**** Records provided

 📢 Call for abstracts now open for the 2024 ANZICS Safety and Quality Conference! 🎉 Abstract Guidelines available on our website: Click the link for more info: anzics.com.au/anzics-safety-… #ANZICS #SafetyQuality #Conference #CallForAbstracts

********
**** Records provided

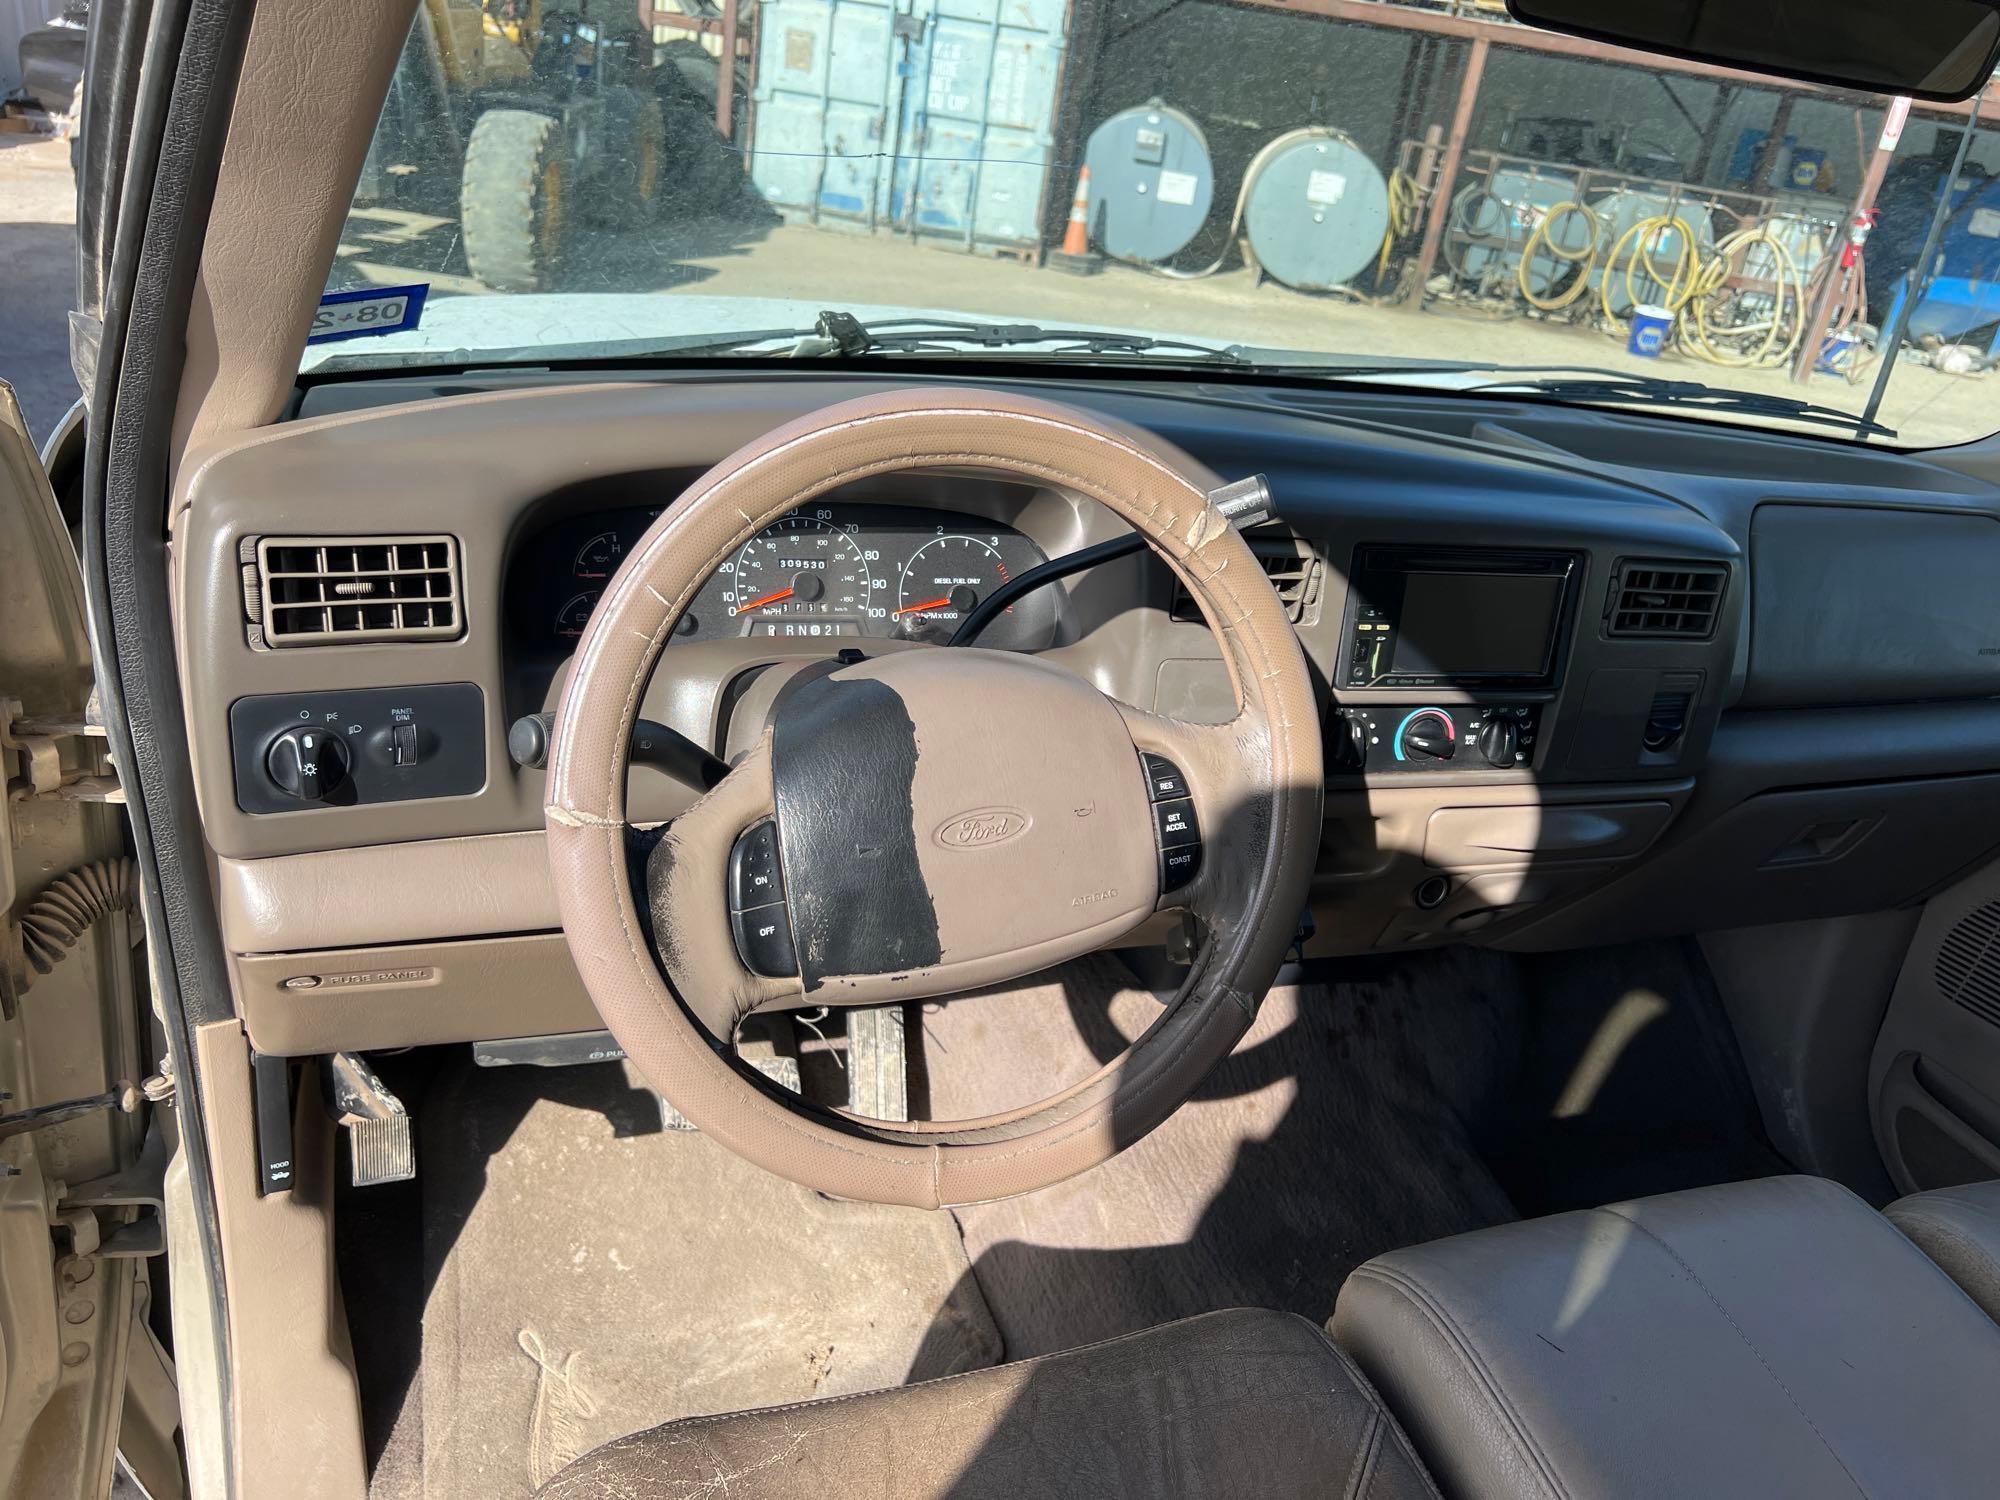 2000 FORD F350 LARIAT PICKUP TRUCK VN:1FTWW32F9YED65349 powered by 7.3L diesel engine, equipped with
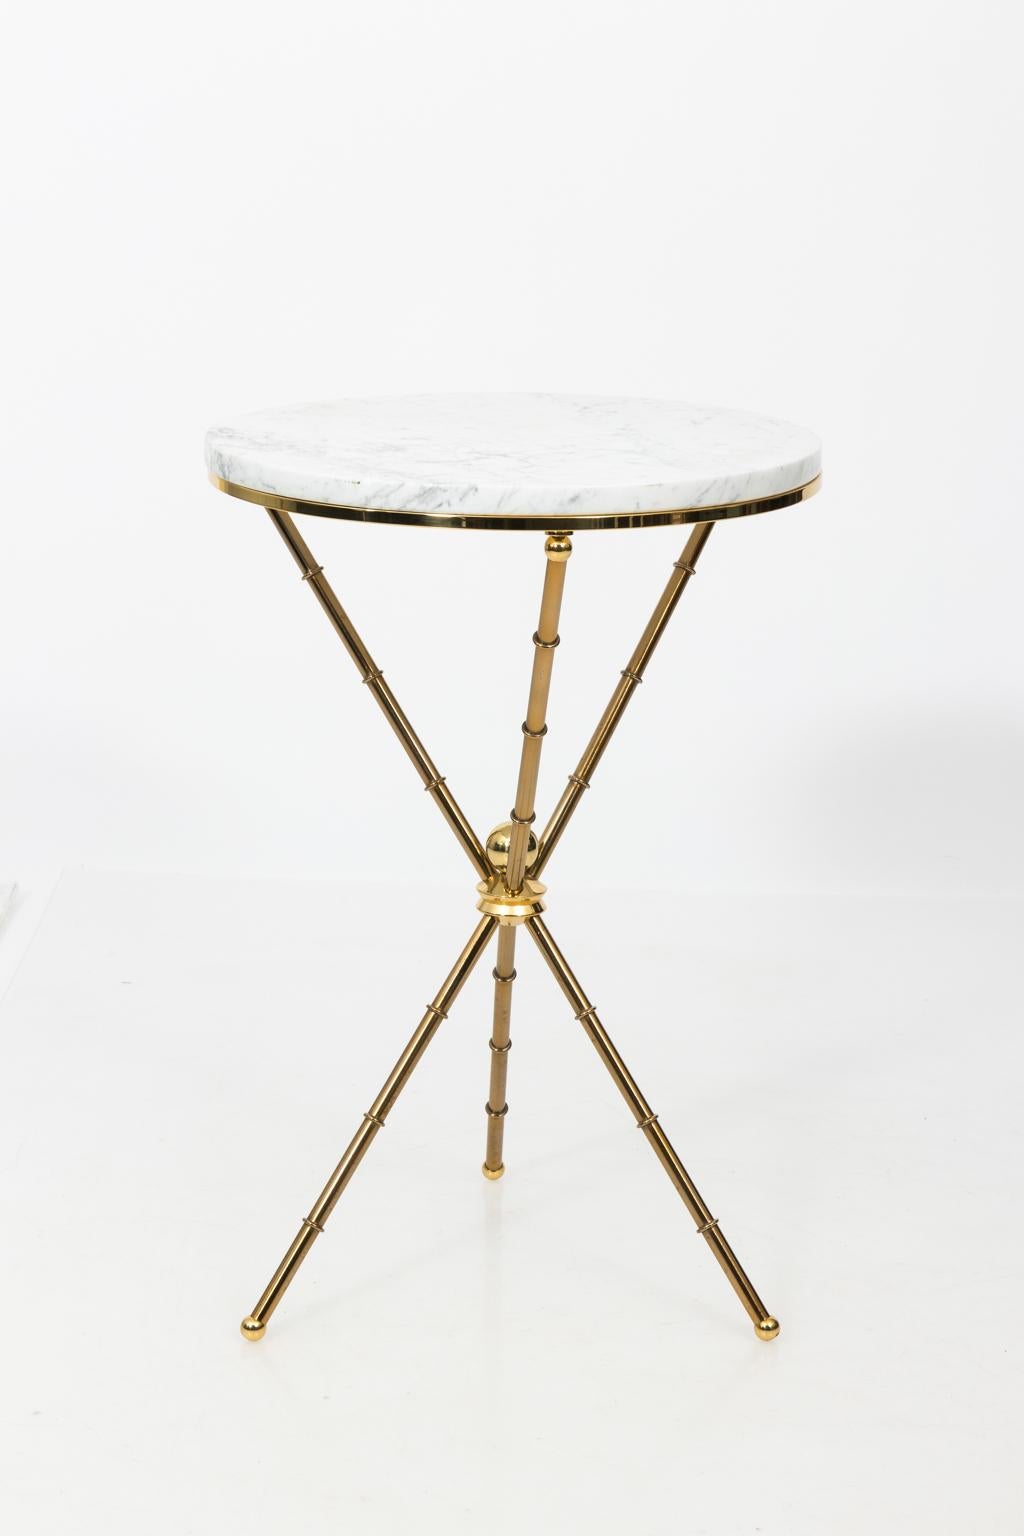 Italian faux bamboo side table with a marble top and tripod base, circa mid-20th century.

********

About this task | What to print is the stretch of entries from the line with "2000 FORD F350" up to and including the line with "Italian faux bamboo". Please print it exactly and leave out the pictures.

Final answer |
 2000 FORD F350 LARIAT PICKUP TRUCK VN:1FTWW32F9YED65349 powered by 7.3L diesel engine, equipped with
 Italian faux bamboo side table with a marble top and tripod base, circa mid-20th century.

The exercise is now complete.